В 6 часов утра 163 тысячи русского войска прибыли на равнины Вертю и стали в нескольких линиях в боевом порядке. Монархи и сопровождавшие их полководцы различных держав прибыли вскоре на гору Монт-Эме. В рядах все было слух, тишина и неподвижность; все было одно тело, одна душа! Казалось в сии минуты, что войска были сплочены в неподвижные стены. Начальник и рядовой ожидали удара вестовой пушки (по которой должны были исполняться все маневры). Задымился холм; перун грянул — и все пришло в движение. Музыка, барабаны и трубы загремели во всех линиях, развевавшиеся знамена преклонены долу, и тысячи рук одним мановением отдали честь государям. Вскоре все войско претворилось снова в тишину и неподвижность. Но вестовой перун вновь раздался — и все восколебалось. Линии начали делиться; отрывки их потекли по разным направлениям; пехота и тяжелые орудия ее шли скорым шагом; конница и летучая ее артиллерия неслись, казалось, на крыльях ветра. В несколько минут, с разных пунктов на пространстве нескольких верст, войска прибыли все вместе на места назначения своего и образовали вдруг неподвижный пространный каре, коего передний, правый и левый фасы составляла вся пехота, а задний — вся кавалерия (несколько отдельно от пехоты). В сие время государи съехали с горы и при громогласном “Ура!” объехали весь каре. Потом стали они на месте, удобном для обозрения полков, готовящихся к церемониальному маршу. Войска, построившись в густые колонны, составляя оные из двух батальонов рядом, имея за каждой бригадой свою артиллерию — своя пехота прежде, а потом вся конница — пошли таким образом мимо государей. Порядок и блеск шествия сего многочисленного войска изумили иностранцев тем более, что в числе оного не была и гвардия, сия лучшая, самая блестящая часть Русской армии. <…>
Смотр кончился беглым огнем из 160 тысяч ружей и 600 орудий. Можно вообразить об ужасном громе, ими произведенном. Казалось, земля раздираема была на части, и вся окрестность стонала» [77. С. 276–280].
Знаменитый британский полководец Веллингтон сказал, «что он никогда не думал, что армию можно довести до столь великого совершенства» [11. С. 383].
Прославленный адмирал Сидней Смит добавил:
— Этот смотр есть урок, даваемый императором российским прочим народам [11. С. 383].

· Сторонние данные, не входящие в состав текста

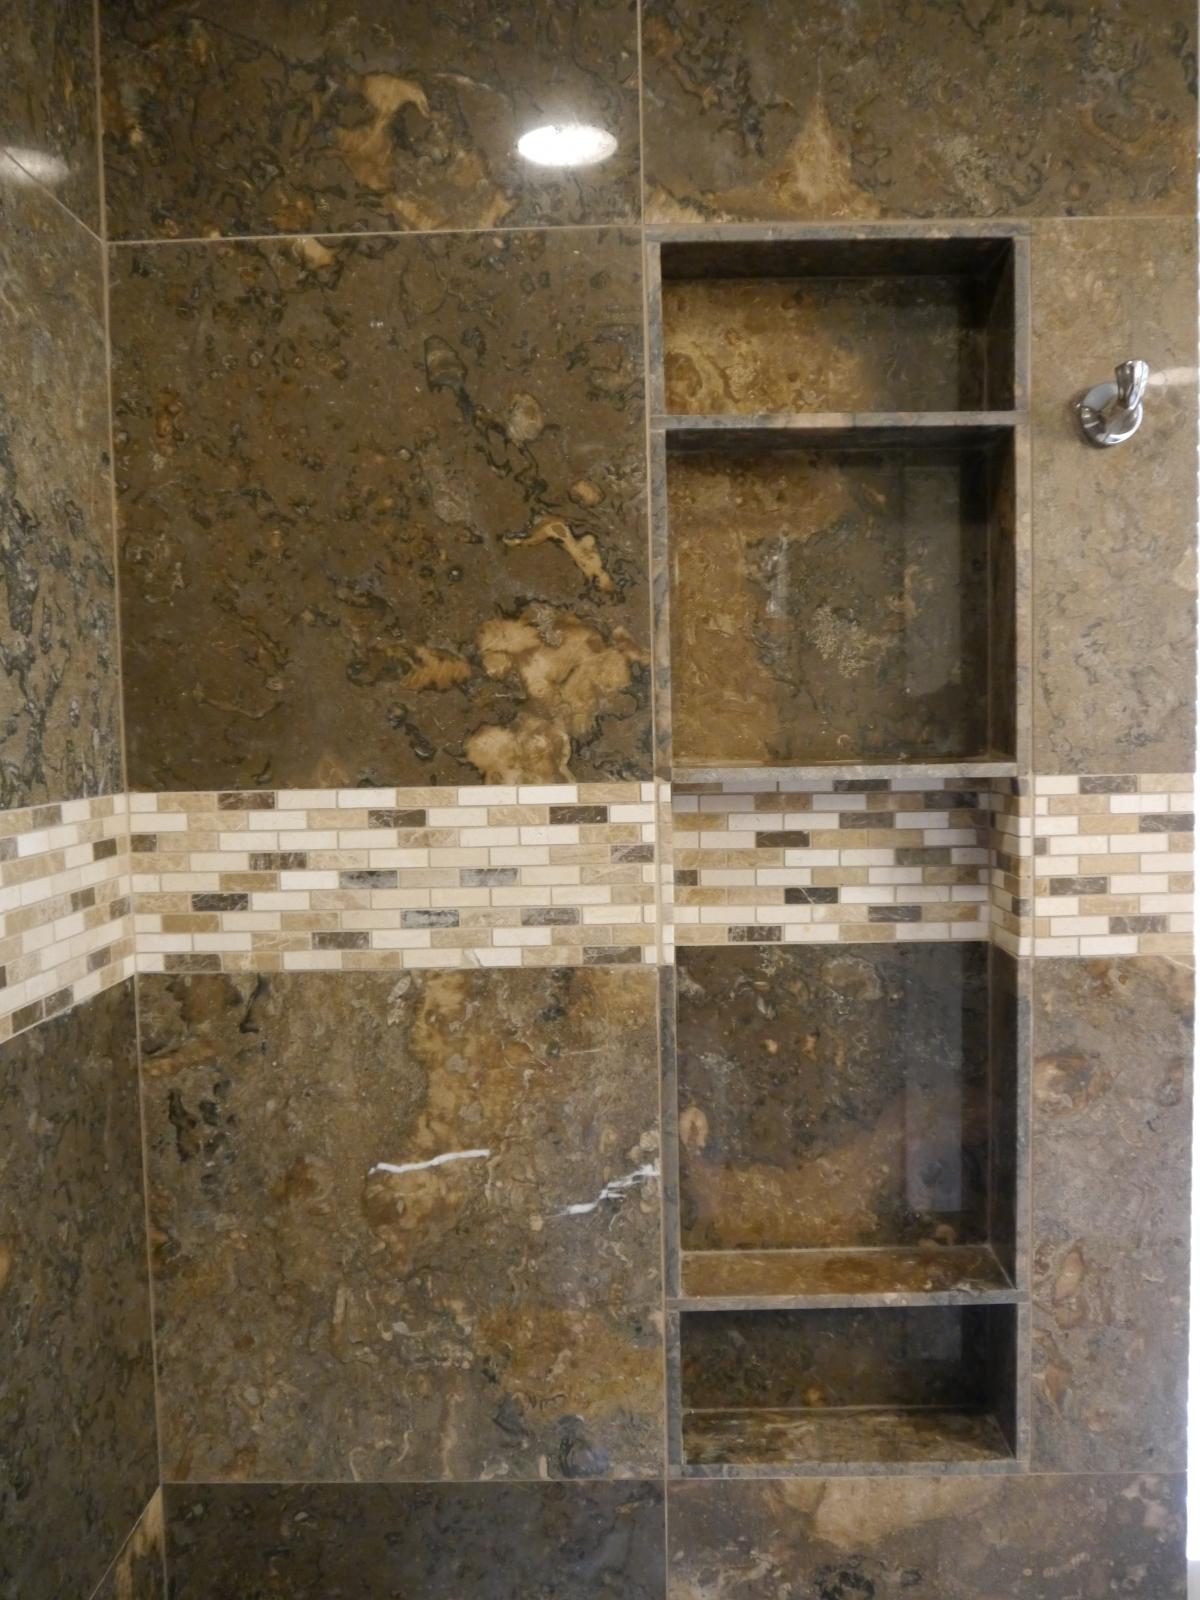 kitchen and bath remodel desk chair shower & tub niches

Всего в смотре, по данным генерала А. И. Михайловского-Данилевского, было задействовано 150 554 человека — в том числе 87 генералов, 433 штаб-офицера и 3980 обер-офицеров, при 540 орудиях, и он превзошел все ожидания [97. С. 317]. Все полки «были доведены до совершенства», и «в продолжение церемониального марша… никто не сбился с ноги» [11. С. 383].
Император Александр, очень довольный смотром, произнес:
— Я вижу, что моя армия — первая в свете; для нее нет ничего невозможного, и по самому наружному ее виду никакие войска не могут с нею сравниться [11. С. 383].
Княжеское достоинство
«Когда иностранцы, бывшие в Вертю, разъехались, государь лично занимался выбором людей в гвардию и в гренадеры; провел весь день в поле, был отменно весел, подъезжал к каждому полку, приветствовал их и наградил многих генералов. Фельдмаршал граф Барклай-де-Толли возведен в княжеское достоинство» [97. С. 337].
Произошло это 30 августа (11 сентября) 1815 года, причем Михаил Богданович был возведен в княжеское достоинство Российской империи вместе с нисходящим потомством с формулировкой: «За оказанные в продолжение минувшей войны с французами неоднократные важные Отечеству услуги, последствием коих было, наконец, заключение мирного трактата в Париже, и за заслуги по устройству войск, двинутых в нынешнем году во Францию, за заведенный в оных порядок, сохранение строжайшей дисциплины в землях иностранных, чем имя российского воина еще более прославлено, и за воинскую исправность, найденную в войске при сделанном у города Вертю смотре».
Как мы помним, Михаил Богданович получил графский титул «за заслуги в четырехдневном достославном сражении при Лейпциге и новые опыты отличного мужества», а чина генерал-фельдмаршала он был удостоен за взятие Парижа. Но вот чтобы стать князем, ему оказались не нужны ни сражения, ни победы. Достаточно было просто организовать потрясающий по своей красоте парад.
К сожалению, как мы помним, в это время «этот полководец, заслуживший название российского Фабия, начинал уже чувствовать ослабление сил, изнуренных ранами и трудами. Перед началом похода 1815 года он желал на некоторое время удалиться от дел для отдохновения. Государь соизволил на его просьбу, но… движение войск во Францию воспрепятствовало отпуску» [97. С. 338].
Позже, в январе 1818 года, был Высочайше утвержден необычайно пышный княжеский герб Барклая-де-Толли.